La seguridad de una aldea oculta de las dimensiones e importancia histórica de Konoha, era para los encargados de mantenerla, una autentica pesadilla logística. No sólo se trataba de tener guardias en todas las entradas y los batallones listos para responder ante las emergencias. Mantenerse a salvo tras los altos muros de piedra implicaba establecer toda una delicada y compleja red de inteligencia y contrainteligencia, en donde intervenían poderosos intereses internos, que incluían al resto del País de Fuego y al propio Daimyo.

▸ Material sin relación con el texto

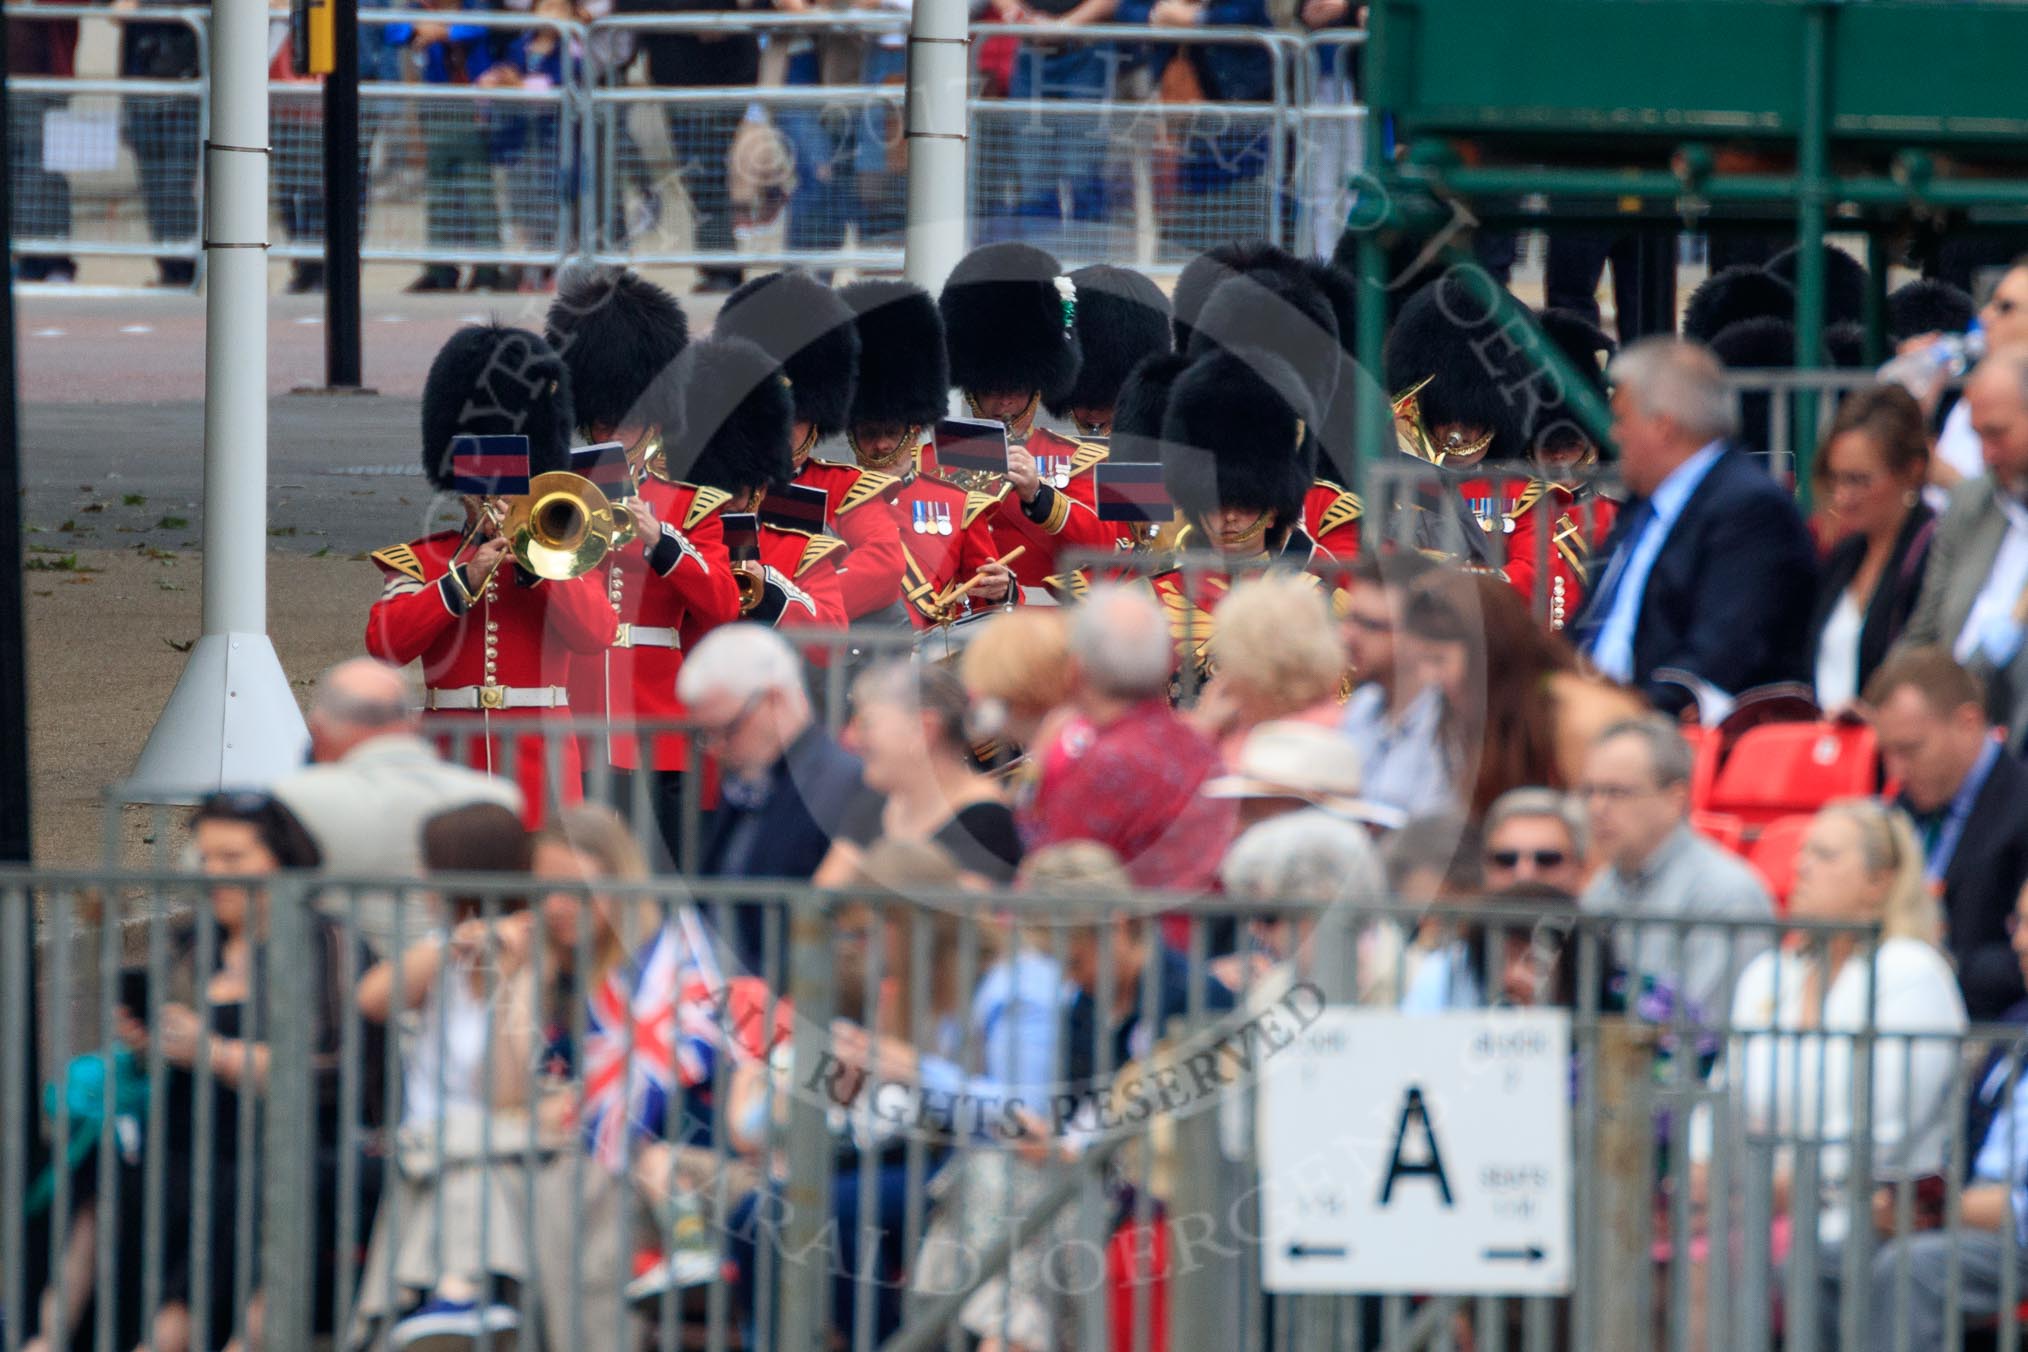 The Band of the Welsh Guards in the background, marching from The Mall to Horse Guards Parade during The Colonel's Review 2018 (final rehearsal for Trooping the Colour, The Queen's Birthday Parade)  at Horse Guards Parade, Westminster, London, 2 June 2018, 10:11.

Sólo después de lidiar con los intríngulis de la seguridad interna, los servicios de inteligencia podían ocuparse de diseñar las estrategias y planes de contingencia para contrarrestar los posibles riesgos provenientes del exterior. Era un hecho registrado en la historia que los peores ataques vienen siempre desde dentro, así que lo prudente era ordenar bien la propia casa antes de preocuparse por vigilar la del vecino.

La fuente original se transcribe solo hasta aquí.